Согласно Маркузе, «регрессивная технологическая рациональность индустриального капиталистического общества неизбежно становится политической рациональностью» и инструментом деструктивной политики, «права и свободы становятся действенным инструментом господства»[76]. Критикуя почти в стиле памфлета сытое общество потребления золотого традцатилетия welfare state, Маркузе показывает, что изобилие выбора товаров и услуг является лишь иллюзией выбора возможностей. Он развивает тезис авторов «Диалектики просвещения» о том, что «при несправедливом порядке бессилие и управляемость масс возрастают пропорционально количеству предоставляемых им благ»[77]. Как и авторы «Двуликой власти», Маркузе выделяет важнейший критерий господства – осуществление А (агента власти) контроля над предпочтениями, интересами, желаниями и т. д.
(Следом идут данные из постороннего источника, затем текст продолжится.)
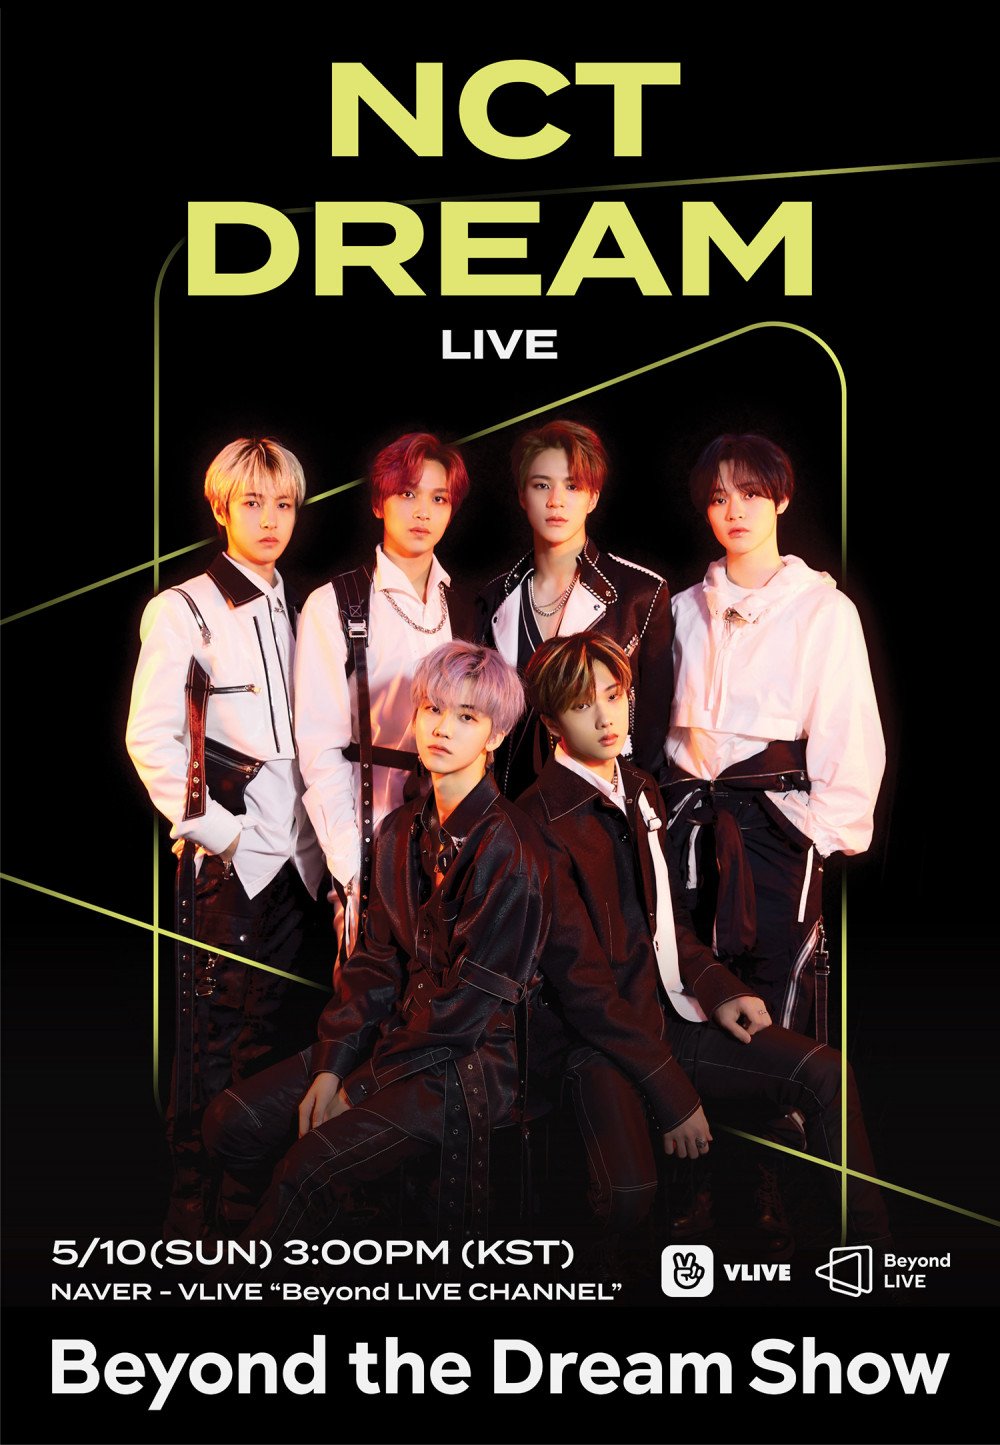 NCT DREAM выпустили плакат в качестве третьего артиста концертной серии SM Entertainment «Beyond Live»

Б (объекта власти) в интересах А. Повторим, что концепт «внешний контроль» входит в арсенал всех субстантивных современных концепций господства, он является стержневым в рассмотренной ниже неореспубликанской концепции господства, которая считается, пожалуй, самой авторитетной. Маркузе провозглашает: «Для определения степени человеческой свободы решающим фактором является не богатство выбора, предоставленного индивиду, но то, что может быть выбрано и что действительно им выбирается. (…) Свободный выбор среди широкого разнообразия товаров и услуг не означает свободы, если они поддерживают формы социального контроля над жизнью»1.